TABLE 5.
Ifenprodil treatment decreased GAD expression and increased phosphorylation of GluN2B.
| Protein | Control | Ifenprodil | 12 h recovery | 24 h recovery | p |
| GluN2B | 1.0 ± 0.06 (6) | 1.05 ± 0.05 (3) | n.d. | 1.04 ± 0.06 (3) | n.s. |
| ph-GluN2B | 1.0 ± 0.04 (10) | n.d. | 1.23 ± 0.052 (5) | 1.26 ± 0.049 (6) | 0.009 |
| GluN1 | 1.0 ± 0.02 (3) | n.d. | 1.04 ± 0.01 (3) | 1.02 ± 0.02 (3) | n.s. |
| PSD-95 | 1.0 ± 0.038 (19) | 1.09 ± 0.041 (6) | 1.034 ± 0.06 (6) | 0.98 ± 0.019 (11) | n.s. |
| GAD-67 | 1.0 ± 0.027 (18) | 0.88 ± 0.02 (6) | 0.89 ± 0.014 (7) | 0.99 ± 0.016 (12) | <0.001 |
| GAD-65 | 1.0 ± 0.016 (18) | 0.78 ± 0.038 (6) | 0.84 ± 0.015 (7) | 0.92 ± 0.013 (12) | <0.001 |
OTC from three preparations were either treated with ifenprodil [10 μM] from DIV 6–10, and harvested at DIV 10 (ifenprodil), or washed two times with fresh medium and maintained for 12 and 24 h (recovery) without ifenprodil. Control cultures were mock-stimulated with water.

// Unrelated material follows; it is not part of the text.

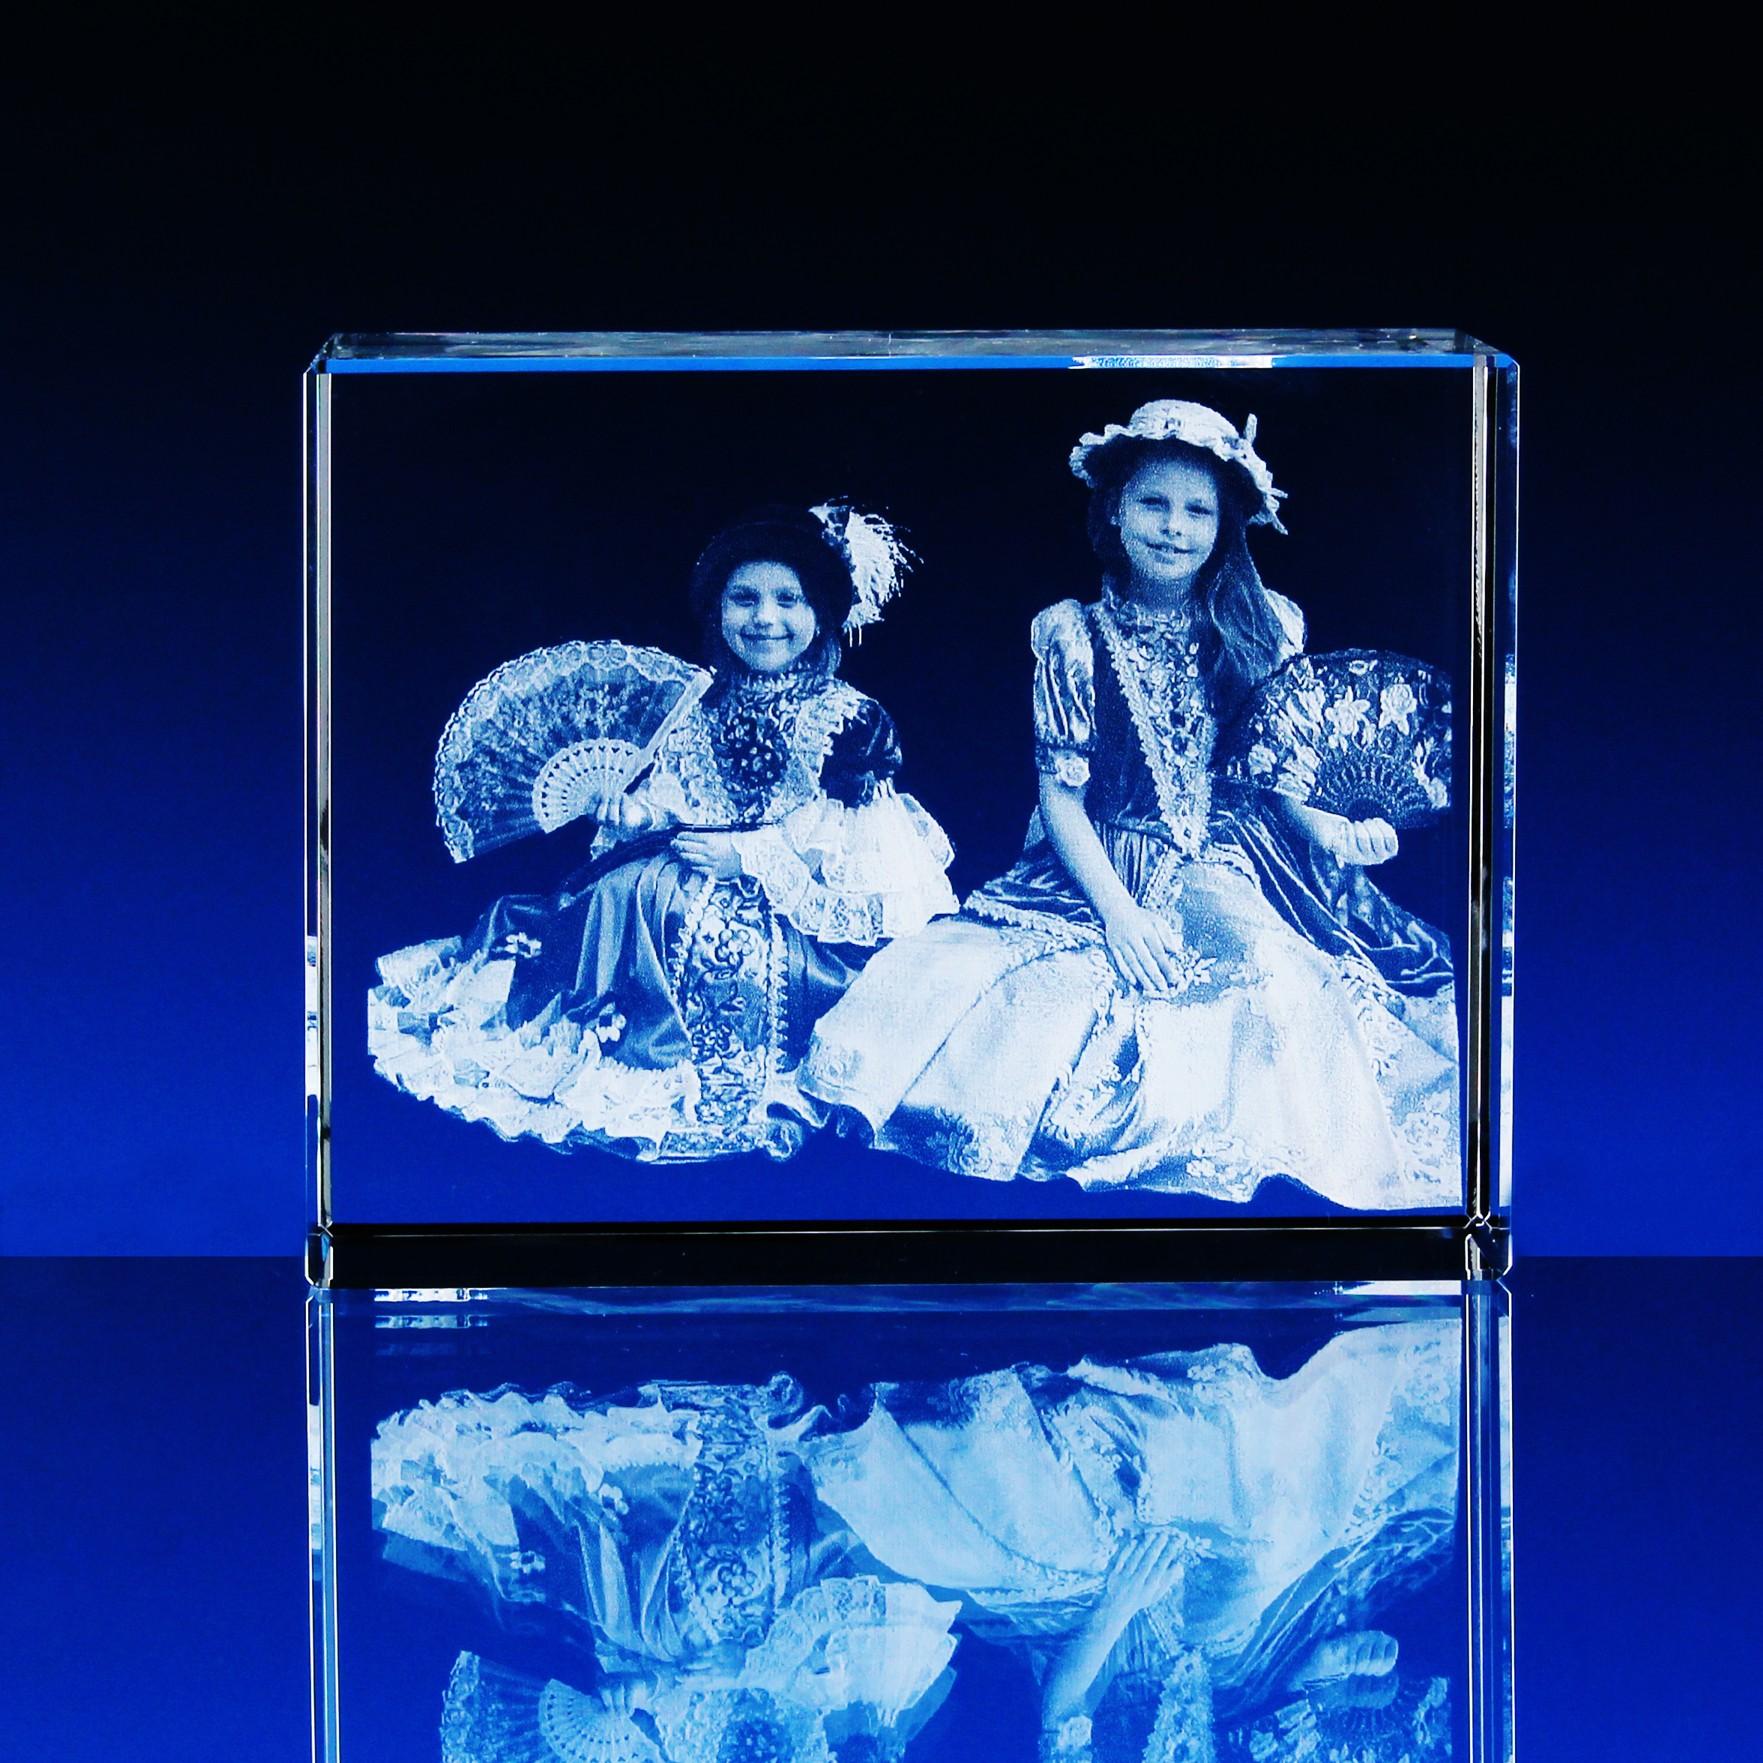 ed6a40776 3D Laserovaná fotografie do skla - Portrét v kvádru 180x120x80 mm (P309c)

For the recovery, control cultures were harvested at the 24 h time point. Gel by gel, to generate a S.E.M. also for the controls, control values were normalized to the average of each group of control values which was set to 1; thereafter, all controls were pooled. Reported are the mean ± S.E.M. The number of blots run for every protein/epitope is given in brackets. Statistical comparison was done by ANOVA on ranks versus control; in italics, p-values are given. In bold, values significantly different from control; n.s., not significant; n.d., not determined.